Andrew Samuels

Personal information
- Date of birth: May 15, 1997 (age 29)
- Place of birth: Tampa, Florida, United States
- Height: 5 ft 9 in (1.75 m)
- Positions: Defender; defensive midfielder;

Youth career
- Clearwater Chargers

College career
- Years: Team / Apps / (Gls)
- 2015–2018: Maryland Terrapins / 78 / (0)

Senior career*
- Years: Team / Apps / (Gls)
- 2017: Tampa Bay Rowdies U23 / 4 / (0)
- 2019–2020: Rio Grande Valley FC / 28 / (0)

= Andrew Samuels (soccer) =

American soccer player

Andrew Samuels (born May 15, 1997) is an American soccer player.

== Career ==
=== Youth and college ===
Samuels played four years of college soccer at the University of Maryland between 2015 and 2018, making 78 appearances, scoring three goals and tallying seven assists.
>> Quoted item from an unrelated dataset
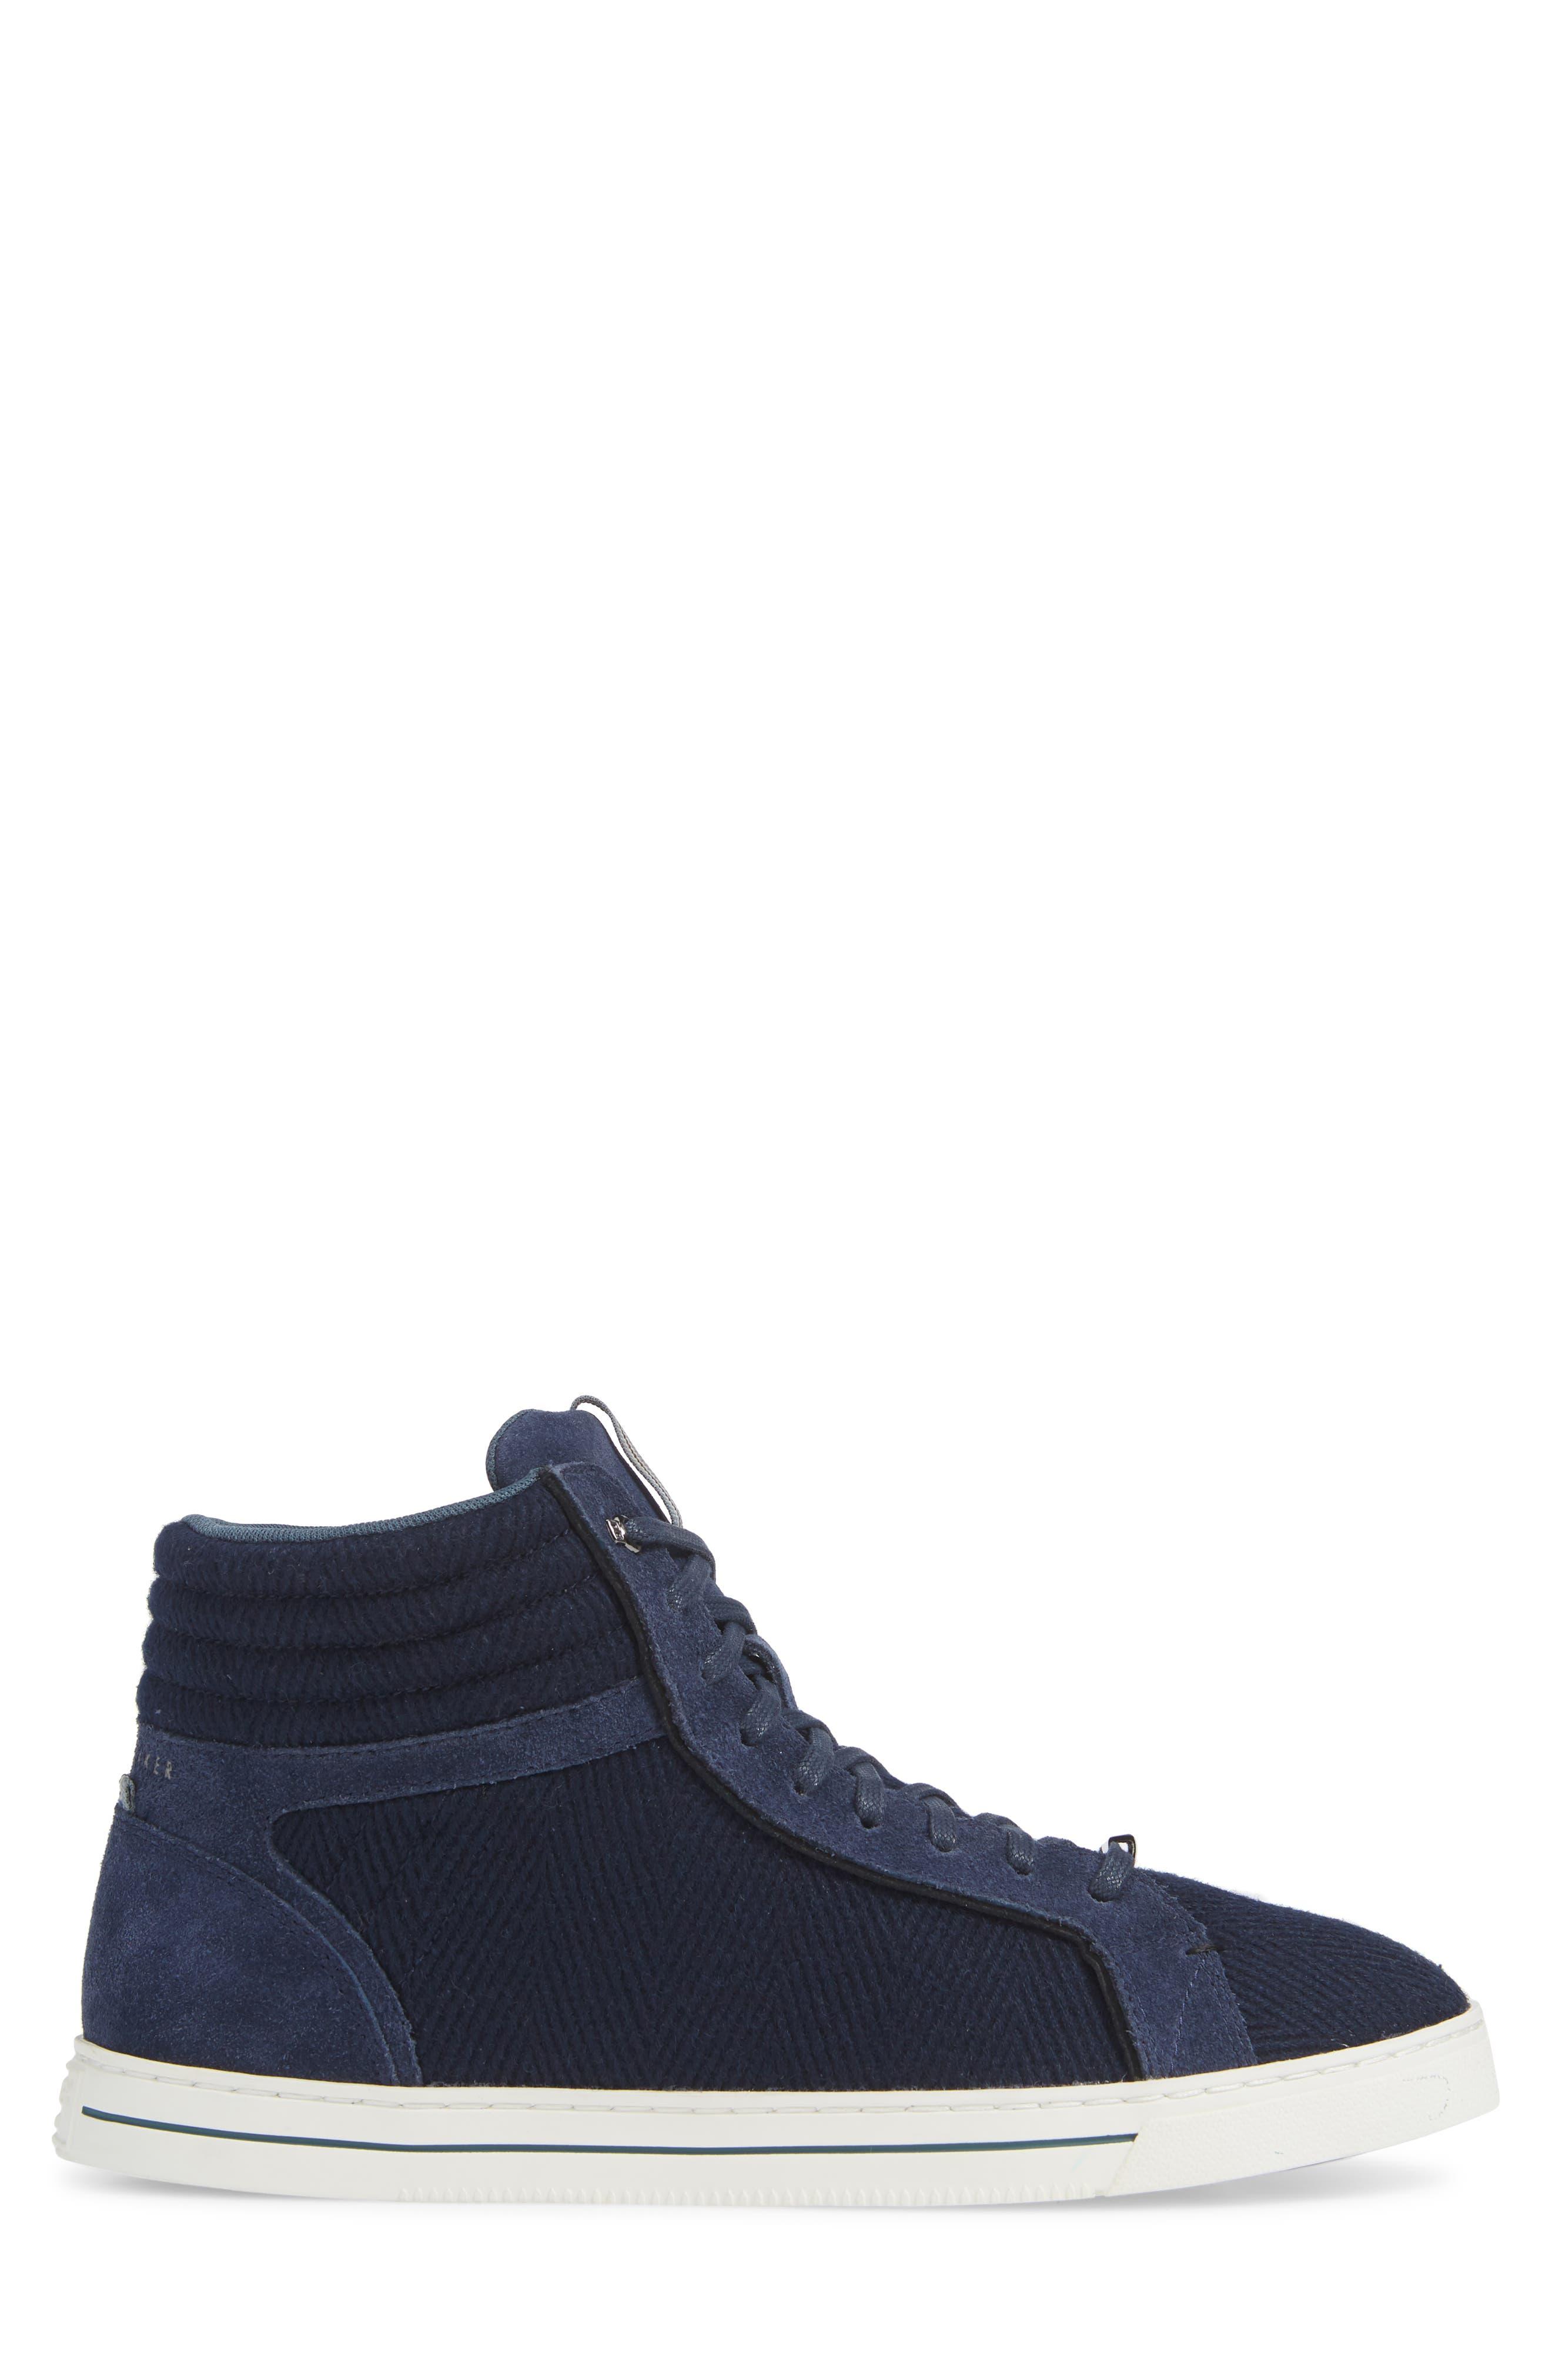 Luckan High Top Sneaker,                             Alternate thumbnail 3, color,                             DARK BLUE FABRIC

While at college, Samuels appeared for USL Premier Development League side Tampa Bay Rowdies U23 in 2017.

=== Professional ===
On January 11, 2019, Samuels was selected 33rd overall in the 2019 MLS SuperDraft by Houston Dynamo. On March 8, 2019, Samuels signed for Houston's USL Championship affiliate side Rio Grande Valley FC Toros.